2. Whisk orange zest, baking powder, salt, walnuts, and flour. Mix in eggs, orange juice, oil, and brown sugar by making a well in the center. Do not overmix.

3. Pour cake batter into your cake pan and bake for 40-45 minutes. Cool cake in pan for 10 minutes then transfer to a rack to cool completely.

4. Combine yogurt and confectioners' sugar to serve with cake. Dust cake with extra confectioners' before serving. Garnish with orange zest.

Author: Kristine Gonzaga

Thursday, January 14, 2010

Fry Your Chicken and Eat It Too

How many times have you fried chicken without actually eating it due to health concerns?
Ellie Krieger, nutritionist and host of Food Network's Healthy Appetite, has a recipe for oven-fried chicken that's healthy and tasty.

Ellie Krieger's Oven-Fried Chicken

20 whole-grain salted crackers, finely pulsed
2 1/2 cups corn cereal flakes, finely pulsed
2 tbsps. sesame seeds
3/4 tsp. cayenne pepper
1/2 tsp. garlic powder

2 egg whites
1 cup plain low-fat yogurt
1 tbsp. Dijon mustard
1/2 tsp. salt

8 chicken pieces (4 each of skinless thighs and breasts) rinsed and patted dry
Olive oil cooking spray

1. Lightly grease baking sheet with cooking spray then pre-heat oven to 375 degrees F.
2. Combine ingredients for breading mixture. Set aside.
3. Mix ingredients for marinade, add chicken pieces, and coat completely.
4. Dip each chicken piece into the breading mix. Press breading mix onto the chicken pieces for even coating.
5. Place chicken pieces onto your baking sheet and lightly spray with olive oil. Bake for 45 minutes or until juices run clear. Serve warm.

Author: Kristine Gonzaga

Friday, January 8, 2010

Beef and pasta bake

This all-in-one dish is a clever time-saver as well as being a tasty meal everyone will enjoy.

Step 1 Preheat oven to 200°C. Cook pasta following packet directions. Drain. Return to pan and set aside.

Step 2 Brush a large, non-stick frying pan with oil and heat over a medium heat. Add onion. Cook, stirring, for 3 minutes, or until soft. Add mince and cook, stirring with a wooden spoon, until browned. Add pasta sauce and stir until well combined. Bring to the boil. Reduce heat and simmer for 2 minutes. Remove from heat.
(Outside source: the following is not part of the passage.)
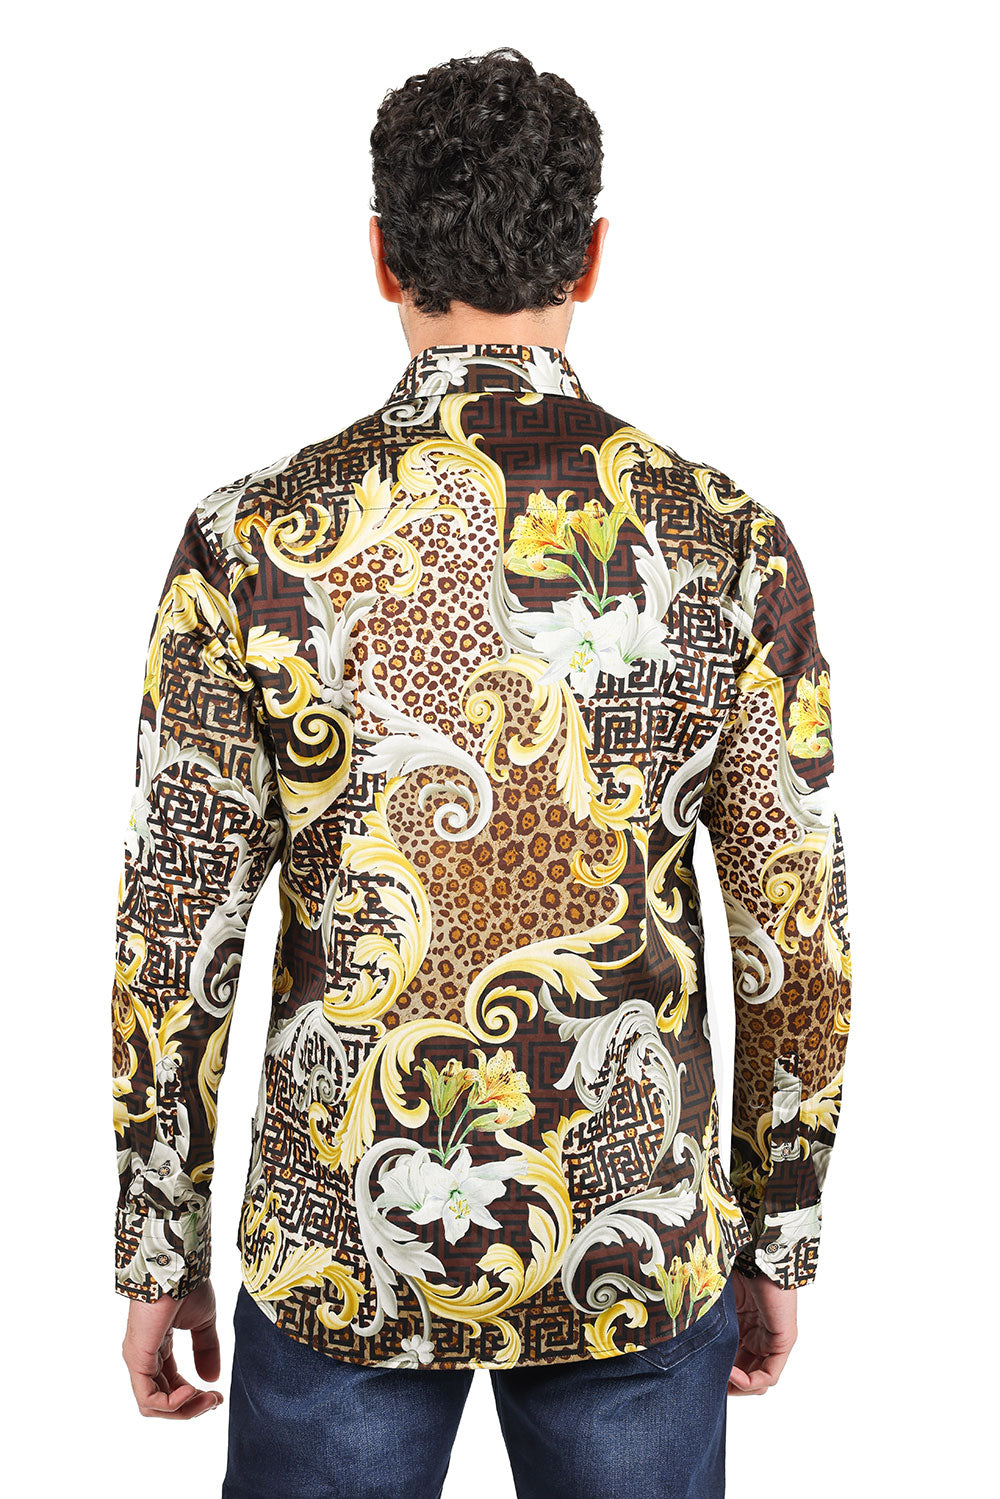 BARABAS men's Leopard Floral Greek Key Pattern Baroque Shirts 2SP34 Brown

Step 3 Stir meat sauce into pasta. Pour into a large, shallow, ovenproof dish. Sprinkle parmesan on top. Bake for 15 minutes, or until cheese is golden. Serve with a salad.

Monday, January 4, 2010

Grilled Chicken with Tomato-Avocado Salsa

For the salsa
4 ripe plum tomatoes, chopped or 12 cherry tomatoes, halved
1/2 small red onion, finely chopped
1 jalapeƱo chili pepper, seeded and diced
2 tablespoons chopped fresh cilantro
1/4 cup fresh lime juice
1/2 avocado
For the chicken
1/2 cup non-fat, plain yogurt
1/2 small red onion
1/4 cup fresh lime juice
1/4 cup fresh cilantro
4 boneless, skinless chicken breasts, about 4 to 6 ounces each
salt to taste
freshly ground black pepper
Cooking Instructions
For the salsa:
1. In a small bowl, combine the tomatoes, red onion, pepper and cilantro.

2. Chop the avocado and sprinkle it with 2 tablespoons of lime juice to keep it from browning. Add the avocado and remaining lime juice to the bowl and toss to combine.
(This can be made in advance and stored in the refrigerator for up to 1 day.)

For the chicken:
1. In a small food processor, puree the yogurt, red onion, lime juice and cilantro to make a yogurt marinade.

2. Transfer the marinade to a shallow bowl or a plastic bag. Add the chicken and coat well with the marinade. Refrigerate for 1 hour or up to 8 hours.

3. Preheat the grill to medium-high.

4. Remove the chicken from the marinade, discard the remaining marinade and season the chicken with salt and pepper. Grill the chicken on both sides until it is cooked through, about 6 minutes per side.

5. Serve the chicken with tomato-avocado salsa.